Updated findings from the phase 2 PERLA trial, presented at the 2024 SITC Annual Meeting, reveal that the combination of dostarlimab-gxly (Jemperli) and chemotherapy continues to demonstrate a numerical improvement in overall survival (OS) compared to pembrolizumab (Keytruda) plus chemotherapy as a first-line treatment for patients with advanced non-small cell lung cancer (NSCLC). The study's results suggest a potential advantage for dostarlimab in this setting, warranting further investigation.
Sustained Overall Survival Benefit
With a median follow-up of 31.1 months (95% CI, 29.9-33.8) in the dostarlimab arm and 31.9 months (95% CI, 30.7-33.1) in the pembrolizumab arm, the median overall survival (OS) was 20.2 months (95% CI, 14.5-27.3) in the dostarlimab arm compared to 15.9 months (95% CI, 11.6-19.3) in the pembrolizumab arm, with a hazard ratio of 0.74 (95% CI, 0.54-1.00). These results indicate a clinically meaningful trend favoring dostarlimab, although the confidence interval includes 1.
The OS rates at various time points further highlight this trend. At 12 months, the OS rates were 63% in the dostarlimab arm and 58% in the pembrolizumab arm. These rates shifted to 51% vs 43% at 18 months, 46% vs 33% at 24 months, and 40% vs 27% at 30 months, respectively, demonstrating a sustained benefit over time.
Impact of PD-L1 Expression
OS results were also stratified by PD-L1 tumor proportion score (TPS). In patients with a PD-L1 TPS of less than 1%, the median OS was 20.8 months (95% CI, 11.4-NR) in the dostarlimab arm compared to 16.1 months (95% CI, 11.5-20.1) in the pembrolizumab arm. For those with a PD-L1 TPS of 1% or more, the median OS was 19.4 months (95% CI, 10.6-31.2) vs 15.9 months (95% CI, 7.8-22.2), respectively. These findings suggest that the survival benefit of dostarlimab may extend across different levels of PD-L1 expression.
Expert Commentary
"The updated OS analysis reaffirms the previous observation that efficacy and safety data were generally comparable between patients with dostarlimab plus chemotherapy and those treated with pembrolizumab plus chemotherapy," noted Solange Peters, MD, PhD, a full professor and chair of Medical Oncology and Thoracic Malignancies Programmae at the University Hospital of Lausanne in Switzerland. "The previously observed numerical trend in OS favoring dostarlimab plus chemotherapy vs pembrolizumab and chemotherapy was maintained."

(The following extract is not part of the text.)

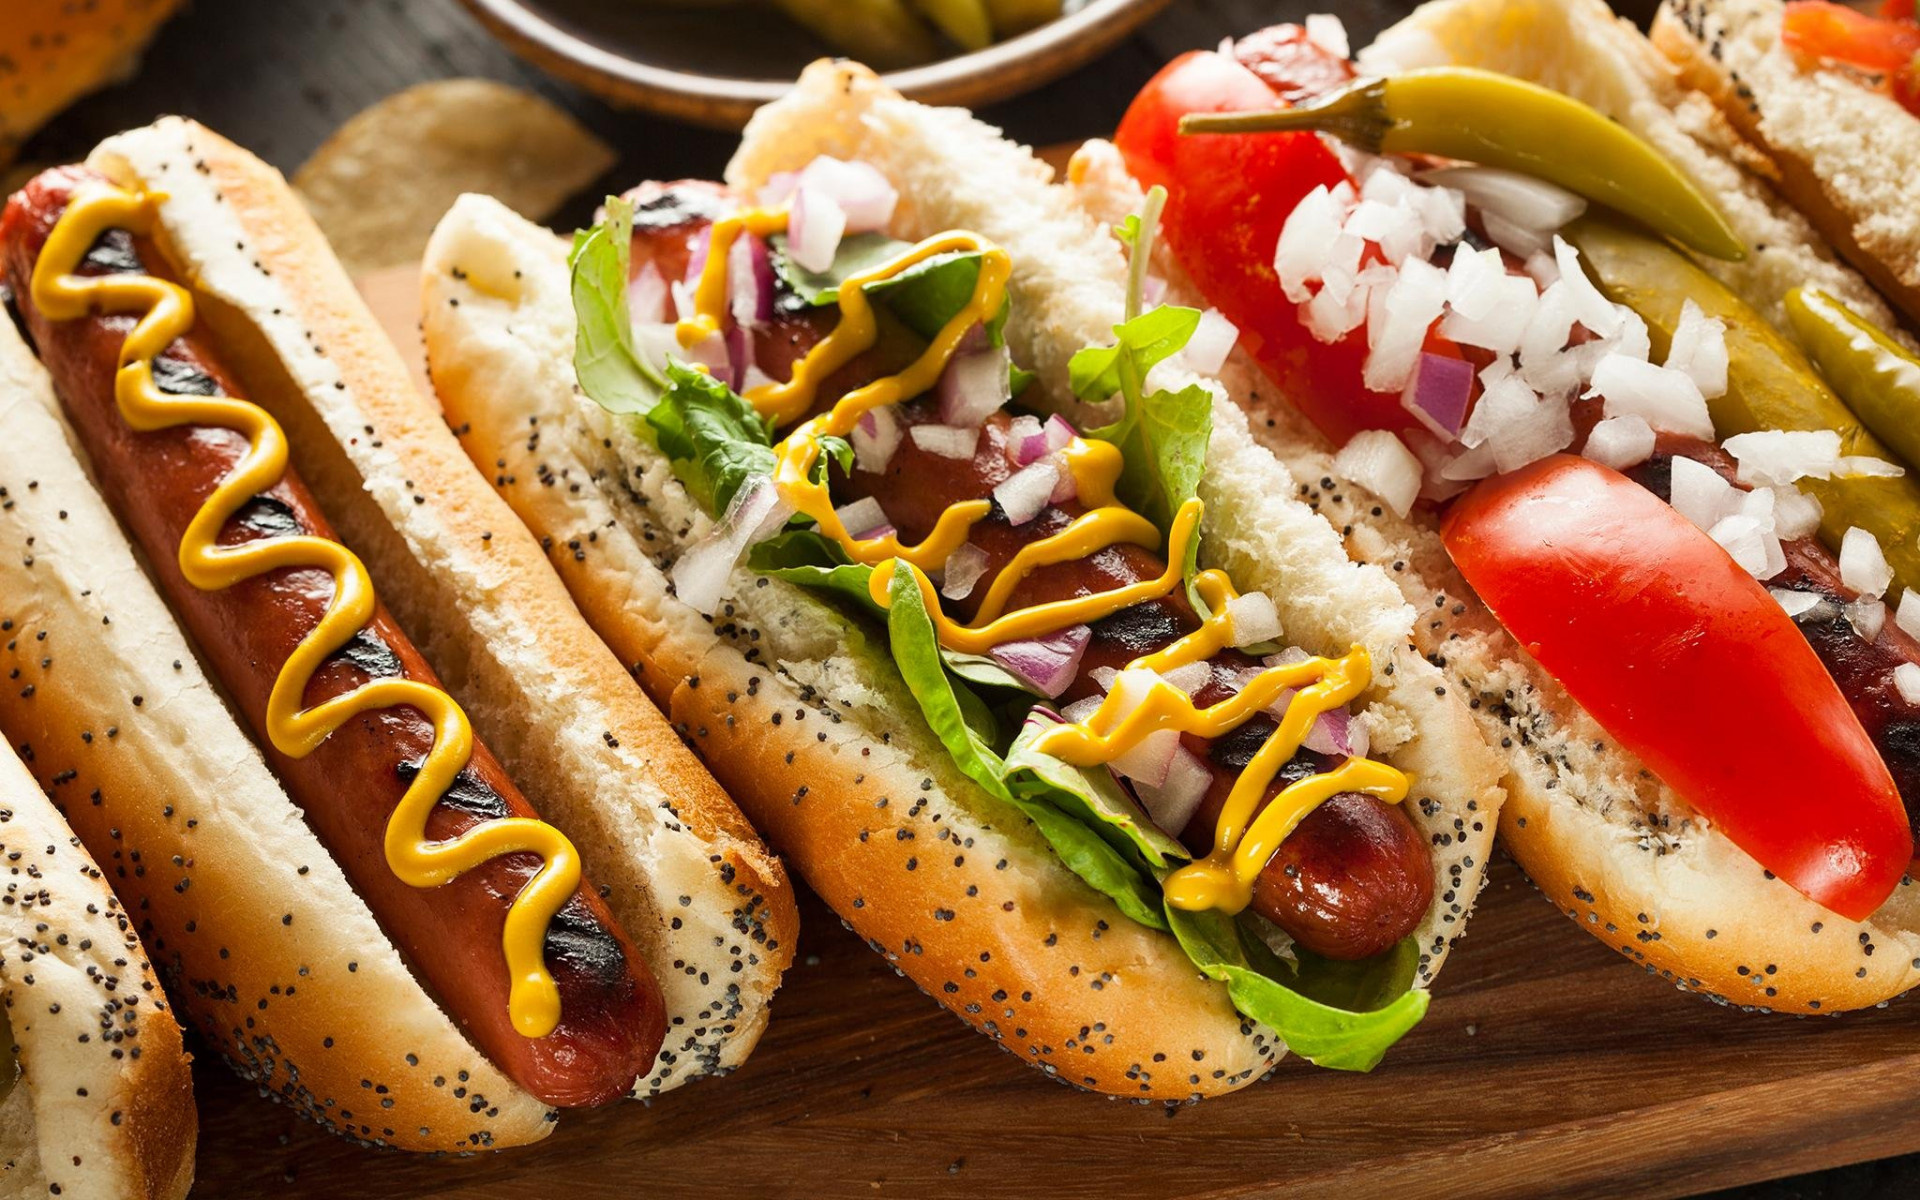 Hot dog wallpaper, Crispy onions, Mustard drizzle, Appetizing snack, 1920x1200 HD Desktop

Trial Design and Patient Characteristics
The PERLA trial involved 243 patients randomly assigned (1:1) to receive either dostarlimab at 500 mg intravenously plus chemotherapy every 3 weeks (n = 121) or pembrolizumab at 200 mg intravenously plus chemotherapy every 3 weeks (n = 122). Disease was assessed via clinic visits every 3 weeks, with serial imaging completed at weeks 6 and 12, then every 9 to 48 weeks, followed by every 12 weeks thereafter.

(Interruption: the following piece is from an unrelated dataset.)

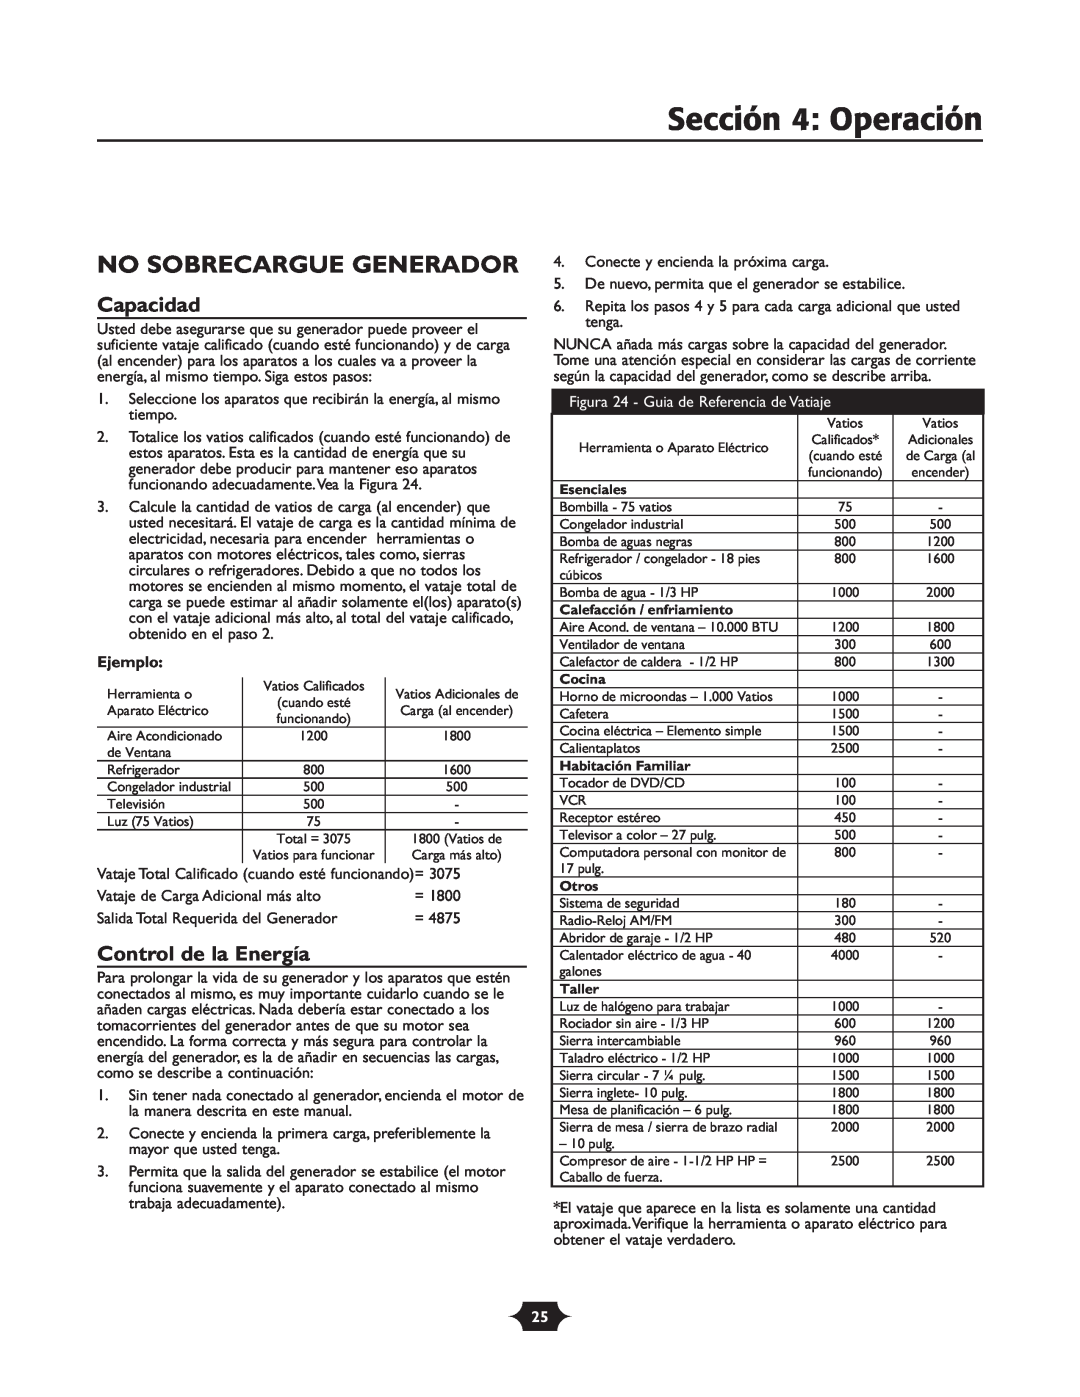 Troy-Bilt 030245 manual No Sobrecargue Generador, Capacidad, Control de la Energía, Sección 4 Operación, Ejemplo

The primary endpoint was objective response rate (ORR) by RECIST v1.1 criteria confirmed by blinded independent central review. Secondary endpoints included OS, progression-free survival (PFS), and safety.
Patient demographics were generally balanced between the two arms. The majority of patients were male (70% in the dostarlimab arm vs 63% in the pembrolizumab arm), with median ages of 64.0 and 65.0 years, respectively. Brain metastases were present in 18% and 12% of patients, respectively, and an ECOG performance status of 1 was noted in 69% and 59% of patients, respectively.
Safety Profile
The safety profile remained consistent with previous results. Any-grade adverse events (AEs) were reported in 98% of patients in both the dostarlimab and pembrolizumab arms. Treatment-related AEs occurred in 85% vs 81% of patients, respectively, and grade 3 or higher AEs were observed in 65% vs 66% of patients, respectively. Fatal AEs occurred in 12% vs 10% of patients, respectively.